С некоторых пор Гавацци заметила, что у нее появилась привычка, как что не так, чертыхаться.
В поисках квартиры Инверницци она обошла с полдюжины темных, как склепы, подъездов, поднялась не на тот этаж, спустилась, позвонила не в ту дверь и, наконец, предстала пред удивительными и жаркими очами всего семейства. От батарей центрального отопления идет приятное тепло, тут же, под боком – диван. Она плюхается на него без сил и испускает тяжкий вздох.
– Я старый-престарый пес. Вернее, дряхлая сука, которой место – под забором.
– Будет тебе, будет! – увещевает Маркантонио. Он рад ее приходу.
– Только одряхлевших собак приканчивают разом, выстрелом из двустволки, а меня – каждый день понемногу.
Сильвия, более догадливая, поспешила накапать в рюмку кардиамина.
– Пей потихоньку, а то сведет ноги. Может, поешь?
– Я уже ела.
– А то приготовлю тебе суп из концентрата. Займет не больше пяти минут.
– Пять минут, пять минут. Через пять минут я уже выкачусь отсюда. Забрались к черту на кулички…
По мнению Гавацци, жить в районе Центрального вокзала – значит «у черта на куличках».
Этот квартал, выросший за церковью Сан-Джоакино, не старше человека средних лет, а уже весь перекопан бульдозерами, расковырян кирками… С одной стороны – развороченные подходы к новой железнодорожной платформе Варезине, с другой – целая чаща строительных лесов: возводятся умопомрачительные призмы, они реют в воздухе как знамена капитализма, вновь окрепшего и тем гордящегося. Что же до жилища Инверницци, то это типичный анахронизм. Квартира большая, с высоченными потолками, но нескладная, обветшалая; трубы торчат снаружи, электропроводка прибита к стене – держится на белых изоляторах. Но, в общем, довольно уютно.
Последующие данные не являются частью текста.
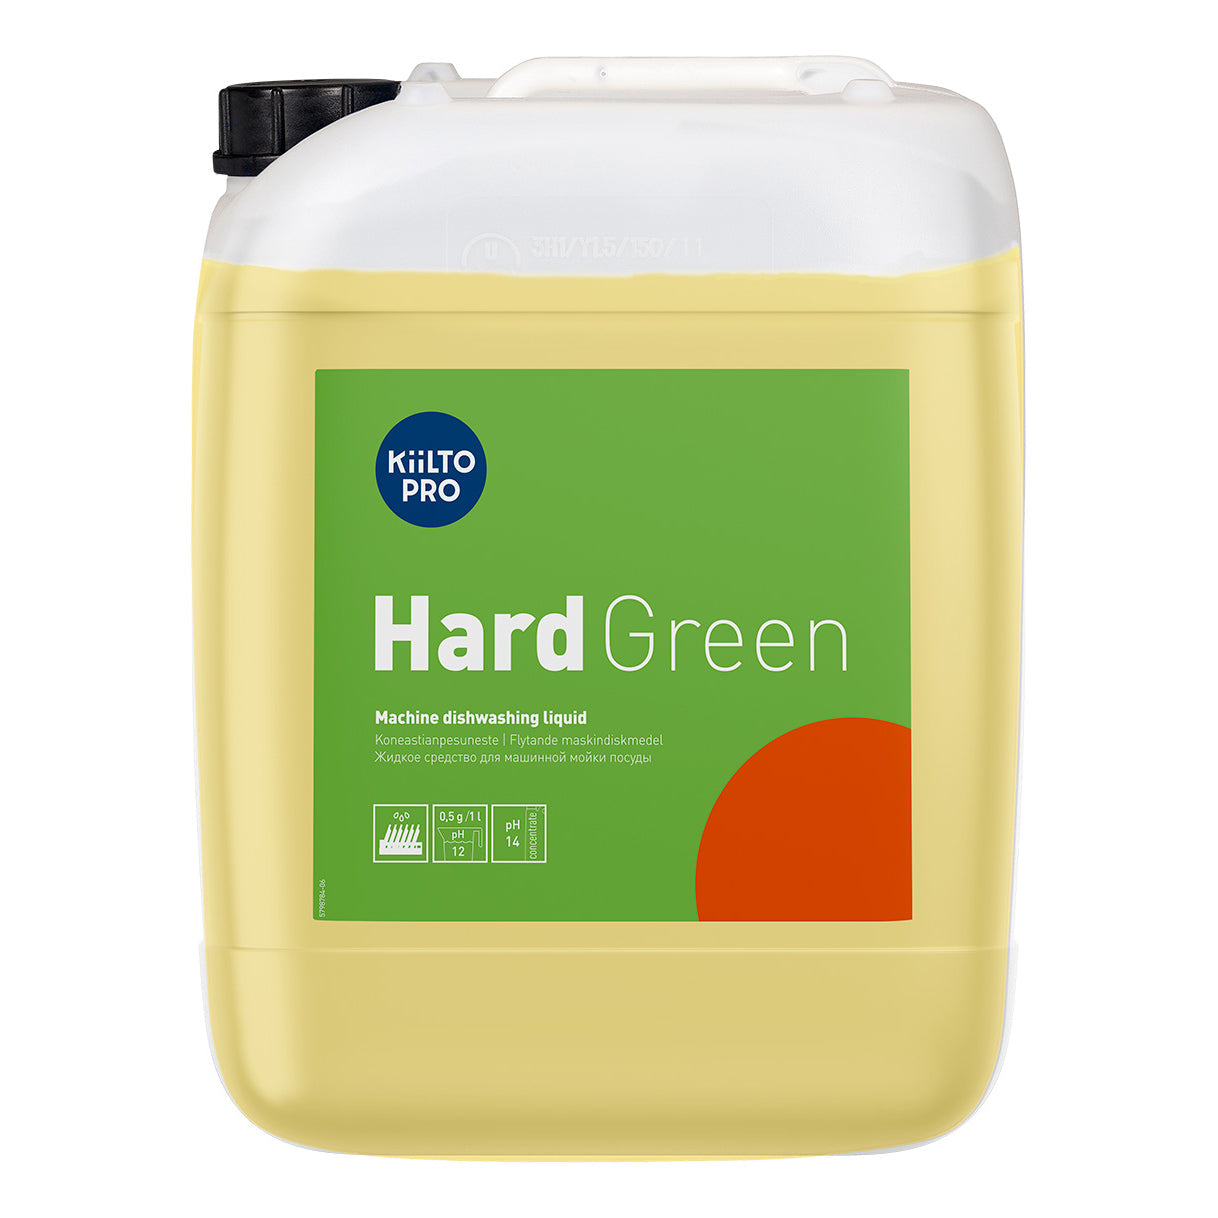 KIILTO Pro Hard Green Maskinopvask, 20 ltr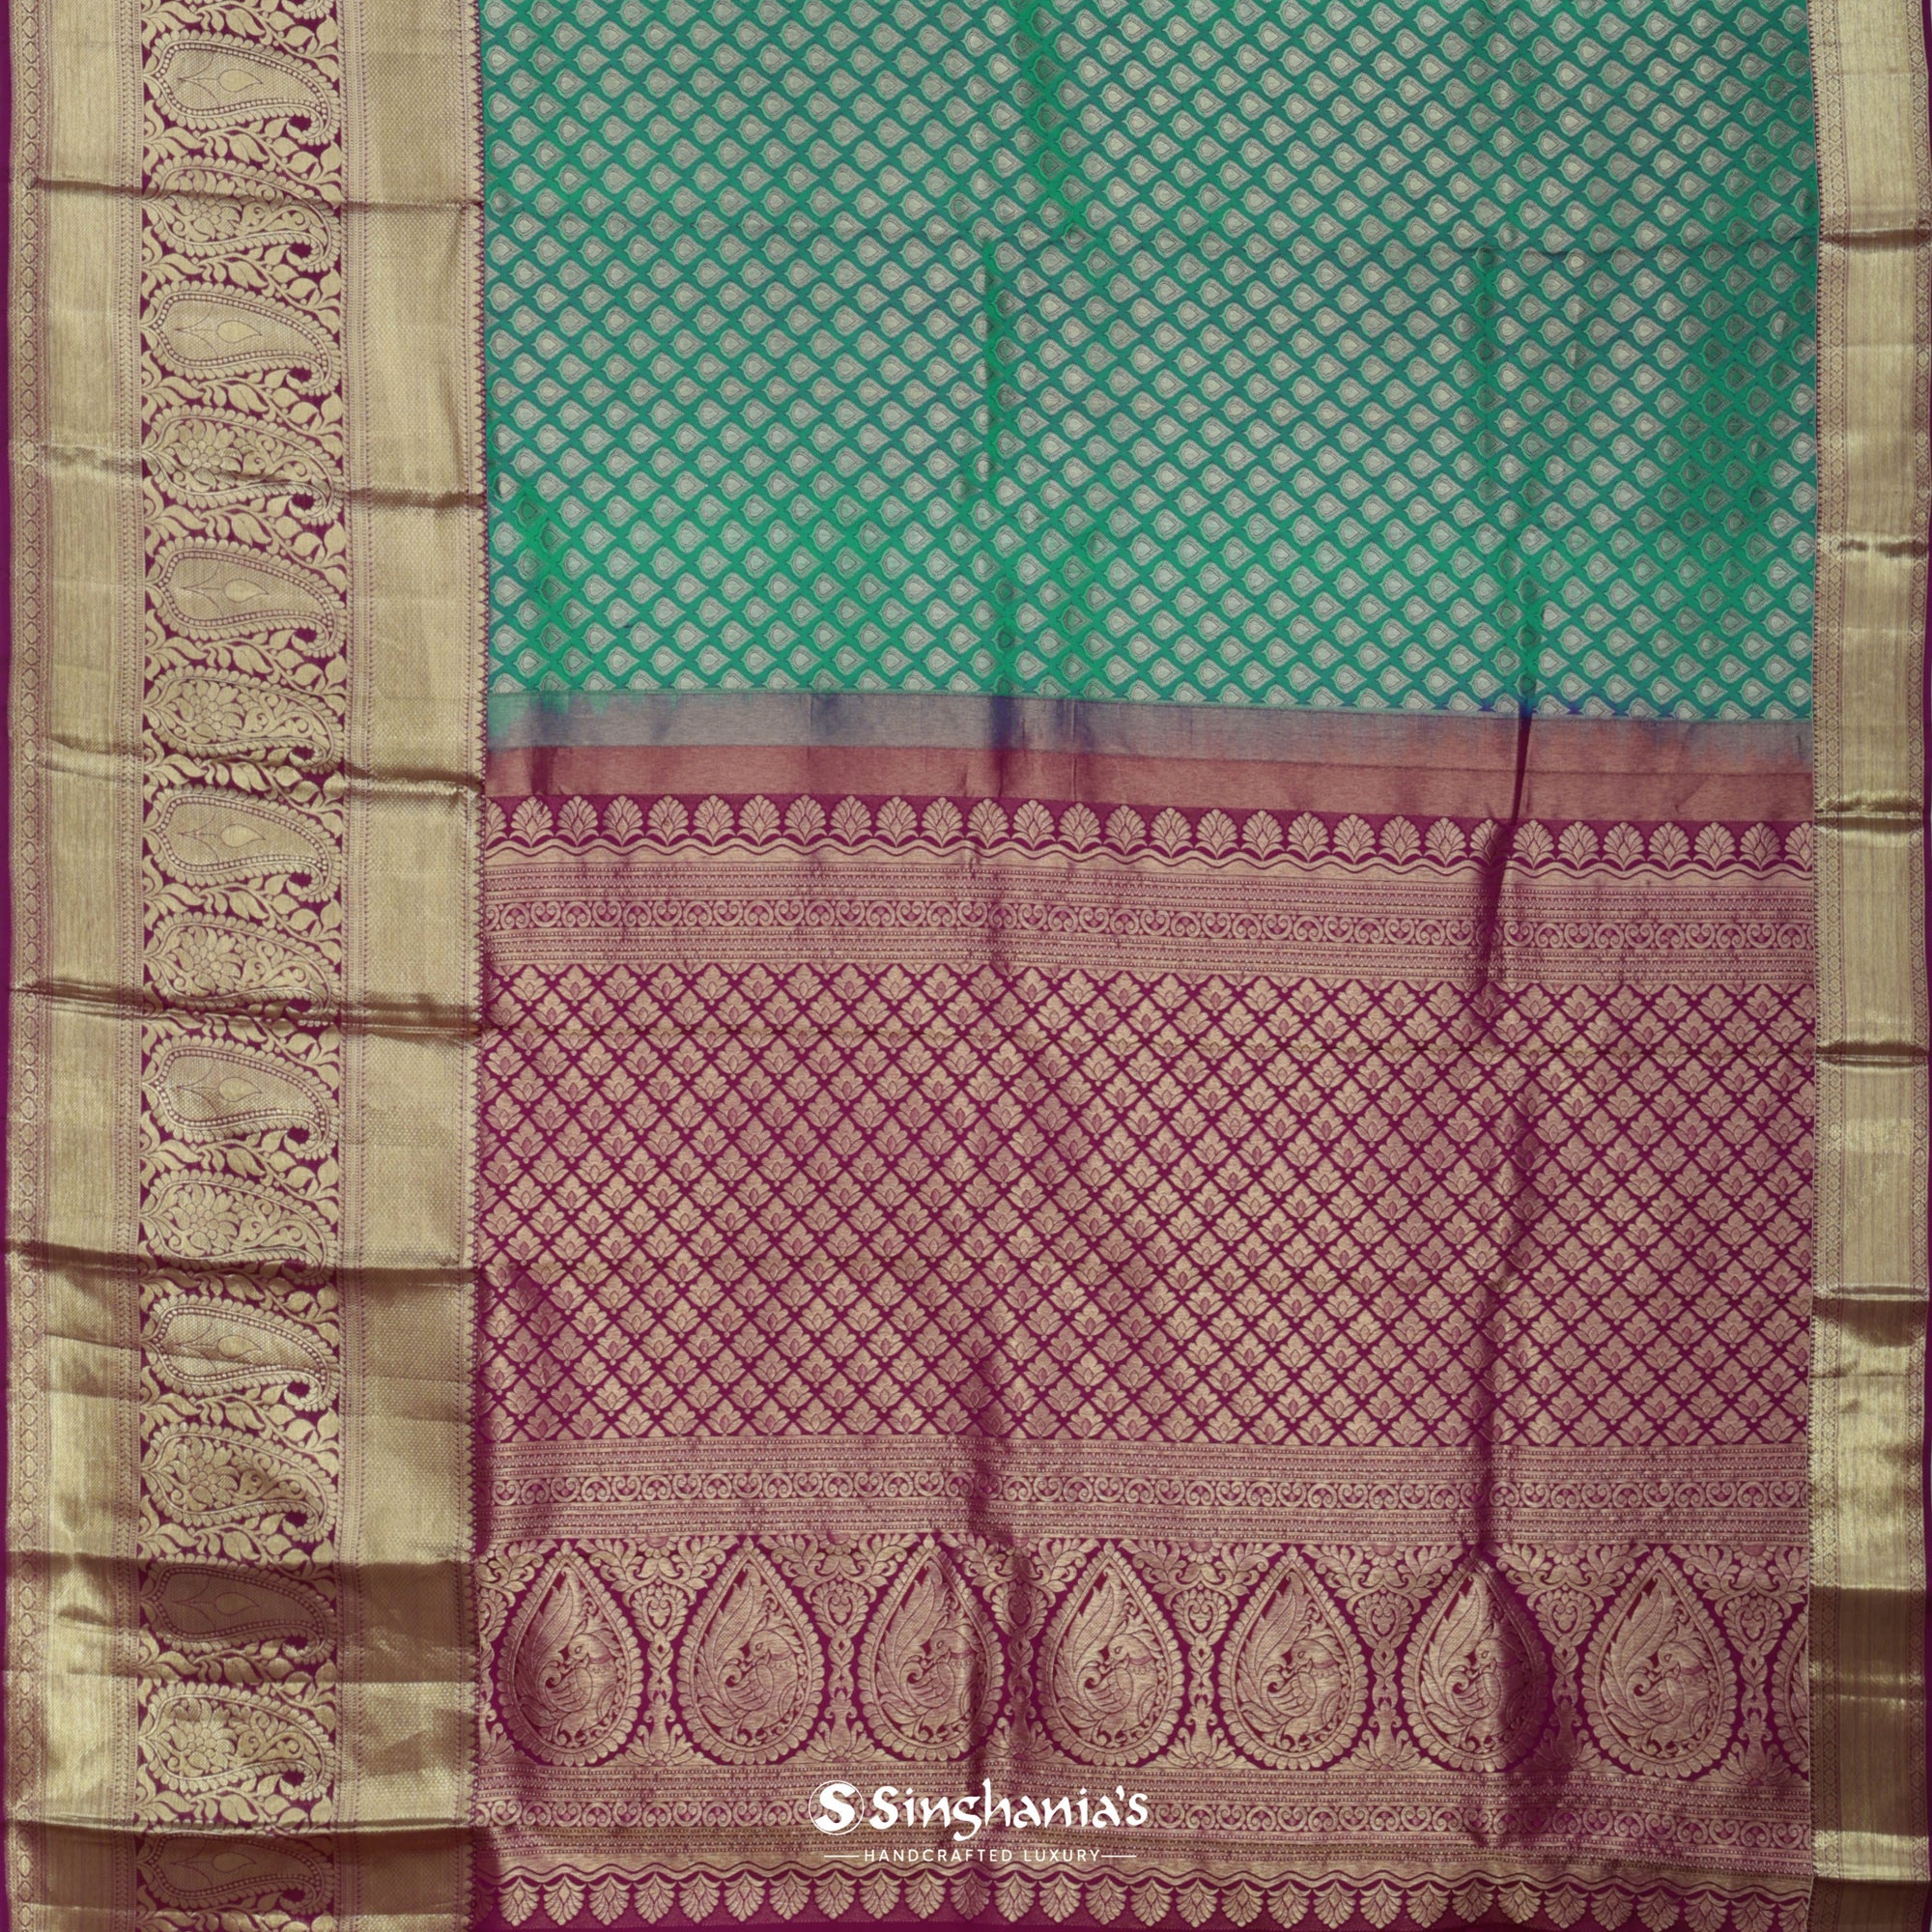 Jungle Green Kanjivaram Silk Saree With Floral Buttis Weaving

Столовая без окон. Зато много дверей. Некоторые застекленные, другие – сплошные, покрашенные масляной краской. Одна дверь входная, остальные ведут в кухню, в ванную, в комнату родителей, в комнату трех старших сыновей и в комнату двух малышей; есть еще стенной шкаф, который тоже можно принять за дверь.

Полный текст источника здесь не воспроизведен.